Transcendental Wild Oats: A Chapter from an Unwritten Romance is a prose satire written by Louisa May Alcott, about her family's involvement with the Transcendentalist community Fruitlands in the early 1840s. The work was first published in a New York newspaper in 1873, and reprinted in 1874, 1876, and 1915 and after.

In her account, Alcott provides the real people involved with thin pseudonymous disguises. Her father Amos Bronson Alcott is "Abel Lamb", while his partner and community co-founder Charles Lane is "Timon Lion"; Abigail May Alcott, Louisa's mother and Bronson's wife, is "Sister Hope". Alcott depicts her father as dominated by his more forceful partner, and both men as feckless and impractical dreamers. The men of the community spend their time in pointless debates while Sister Hope works from dawn to dusk to maintain their existence.

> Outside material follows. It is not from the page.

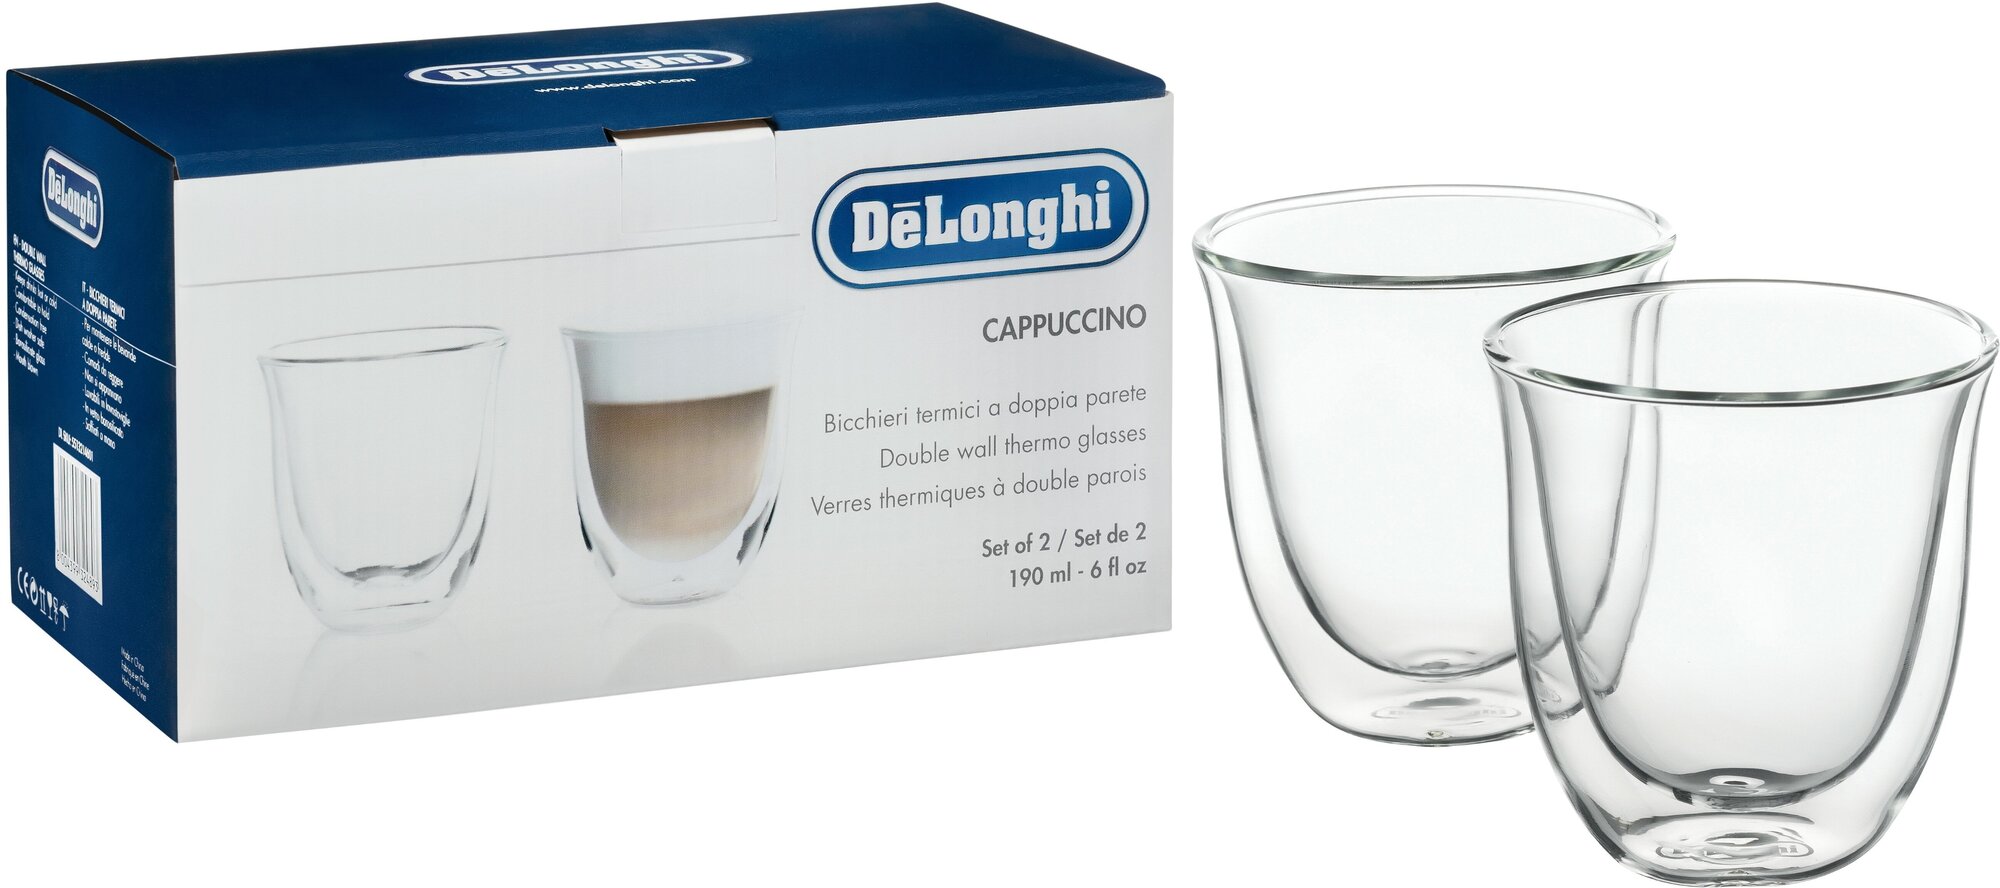 DeLonghi чашки для капучино CAPPUCCINO (2 шт.)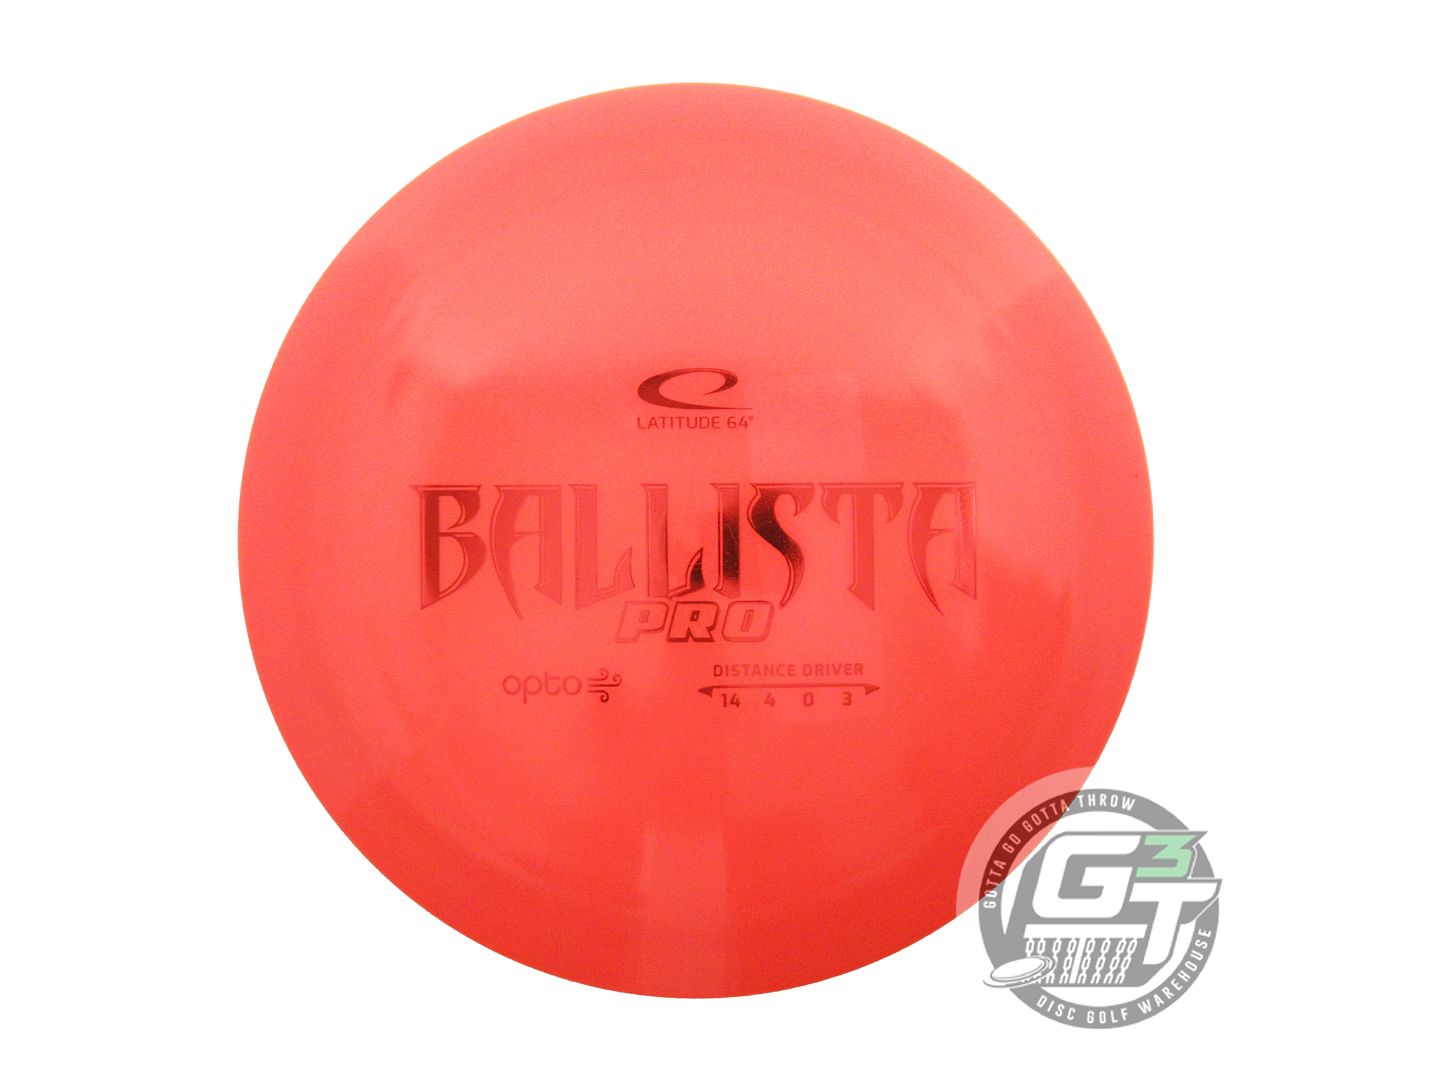 Latitude 64 Opto AIR Ballista Pro Distance Driver Golf Disc (Individually Listed)

A crisis arises at harvest time, when the grain crop is threatened by an approaching storm. In Alcott's words, "About the time the grain was ready to house, some call of the Oversoul wafted all the men away." Sister Hope organizes the only available help, three little girls and a boy, and manages to save the crop.

The little community collapses as soon as the weather turns cold, when it becomes clear that their provisions are too meager to last the coming winter. Timon Lion and his son abscond to join the Shakers—though Timon is unhappy to learn that life among them is "all work and no play." Abel is crushed by the failure of the enterprise; after days of despair he begins to eat again only when he realizes that his family needs him. Sister Hope finds a way for them to subsist and persevere.

Alcott's view of male arrogance and female exploitation in this piece is paralleled in her novel Work, published in the same year as Transcendental Wild Oats.

Transcendental Wild Oats has been reprinted in several modern editions.

An hour long radio adaptation was broadcast on BBC Radio 4 in February 2026, starring Louisa Harland and Alistair Petrie.